The Road to Reality is a book on modern physics by the British mathematical physicist Roger Penrose, published in 2004. It covers the basics of the standard model of modern physics, discussing general relativity and quantum mechanics and then expands on the possible unification of these two theories.

The book is just over 1100 pages, of which the first 350 are dedicated to mathematics—Penrose's goal was to acquaint inquisitive readers with the mathematical tools needed to understand the remainder of the book in depth. On page 383 physics enters the discussion with the topic of spacetime. From there it moves on to fields in spacetime, deriving the classical electrical and magnetic forces from first principles; that is, if one lives in spacetime of a particular sort, these fields develop naturally as a consequence. Energy and conservation laws appear in the discussion of the Lagrangians and Hamiltonians, before moving onto a full discussion of quantum physics, particle theory and quantum field theory. A discussion of the measurement problem in quantum mechanics is given a full chapter; superstrings are given a chapter near the end of the book, as are loop gravity and twistor theory. The book ends with an exploration of other theories and possible ways forward.

The book discusses the physical world. Many fields that scientists in the 19th century believed were separate, electricity and magnetism for instance, are facets of a single property, electromagnetism. Some texts, both popular and university level, introduce these topics as separate concepts and then "force" the combination on them much later. In Road to Reality this process is reversed, by first demonstrating the mathematics that is needed to discuss the spacetime we appear to live in, then showing that electromagnetism simply falls out fully formed.

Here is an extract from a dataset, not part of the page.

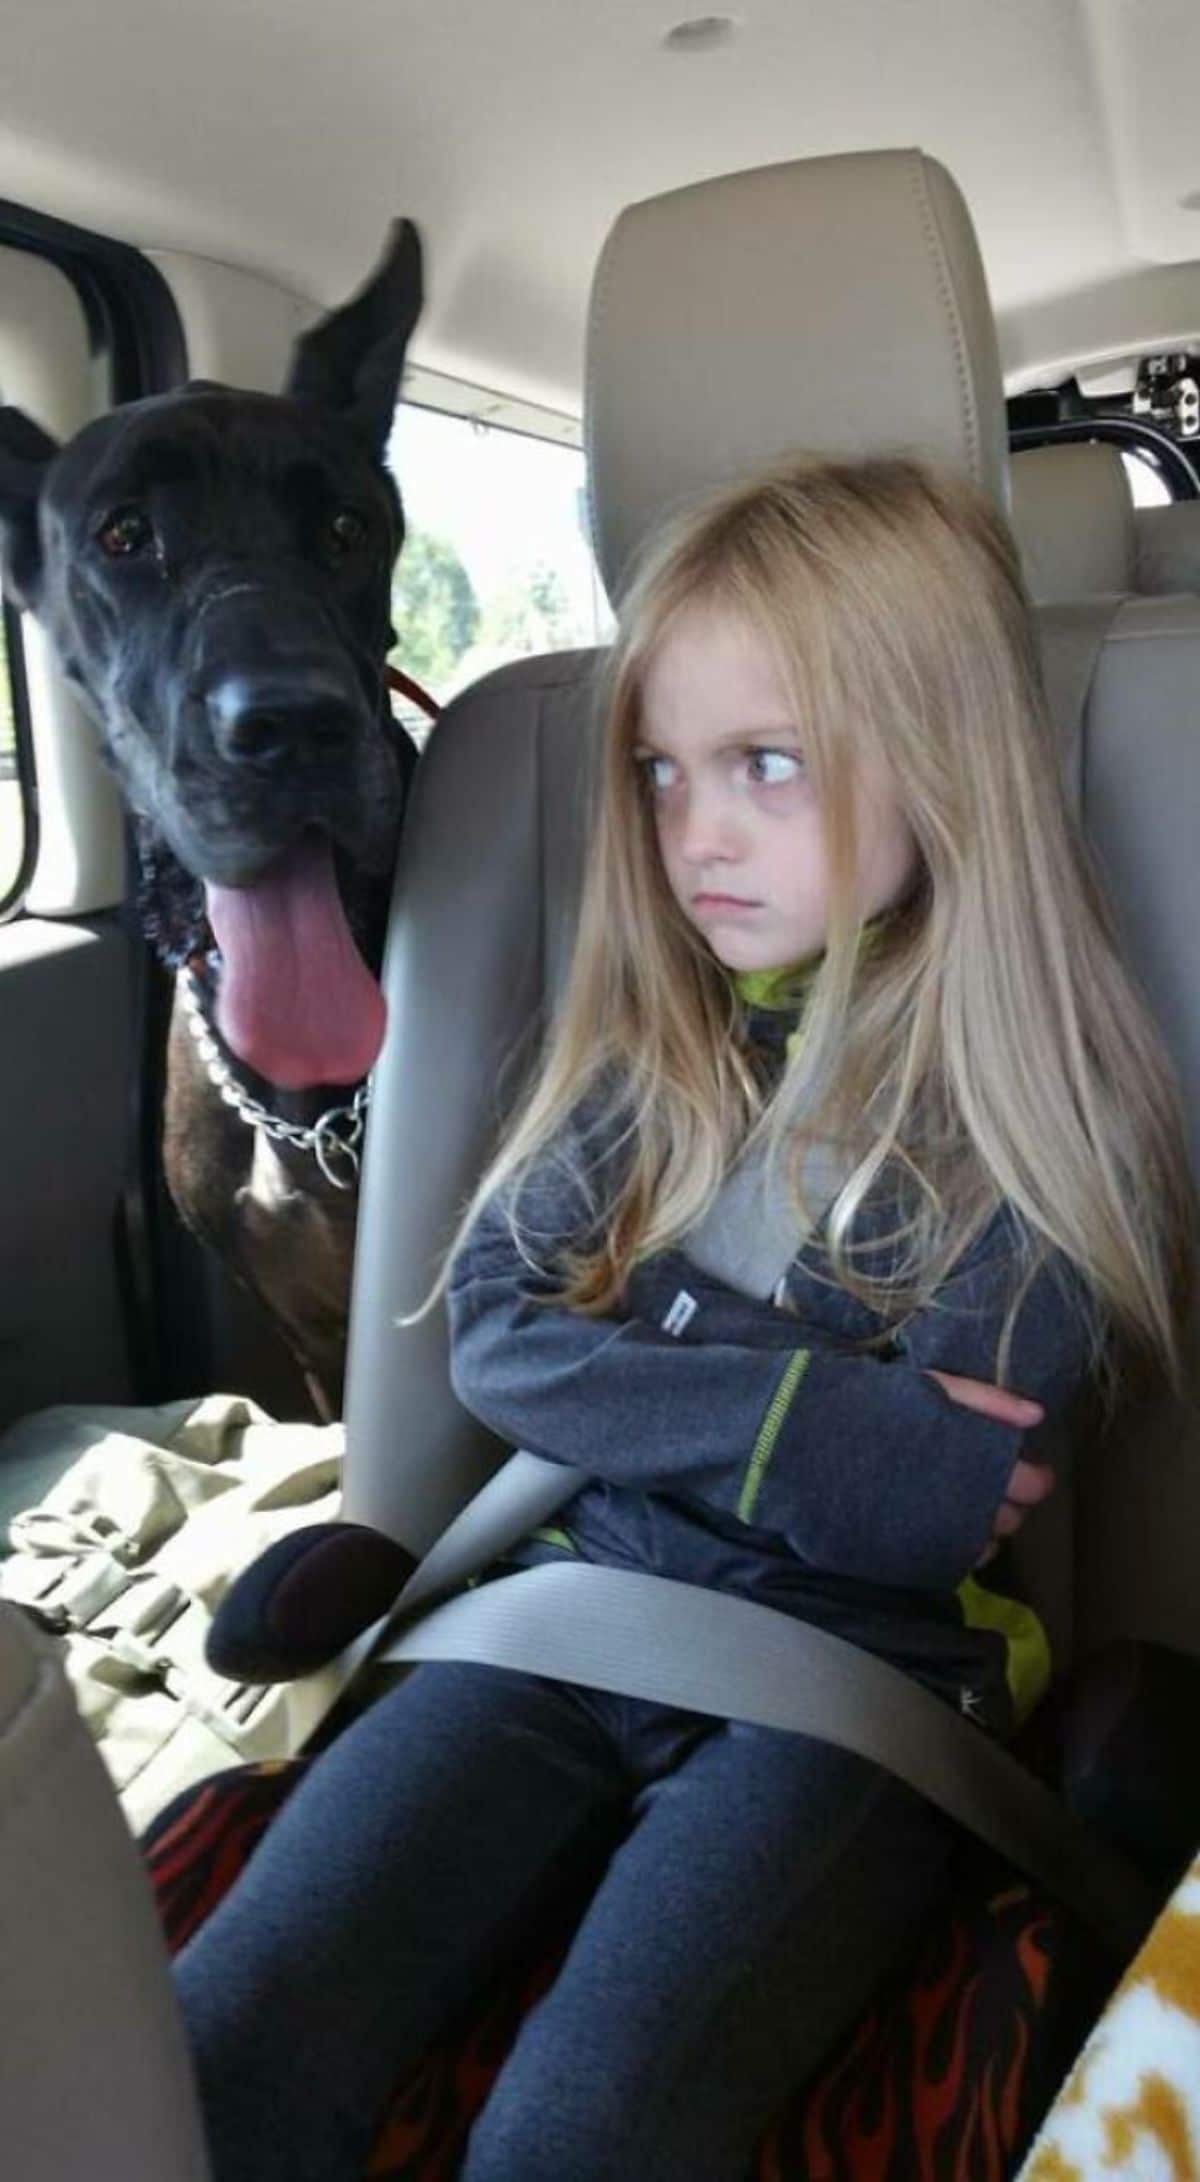 black dog with the tongue sticking out next to an angry girl inside a car

As Penrose admits, the final chapters reflect his personal perspective, as opposed to what he considers current fashion among theoretical physicists. He is skeptical about string theory, to which he prefers loop quantum gravity; he is optimistic about his own approach, twistor theory, and holds some controversial views about the role of consciousness in physics, as laid out in his earlier books (see Shadows of the Mind).

[edit] See also

[edit] Book editions

[edit] External links

  • Site with errata and solutions to the book's many exercises. Not sponsored by Penrose.
  • Internet forum.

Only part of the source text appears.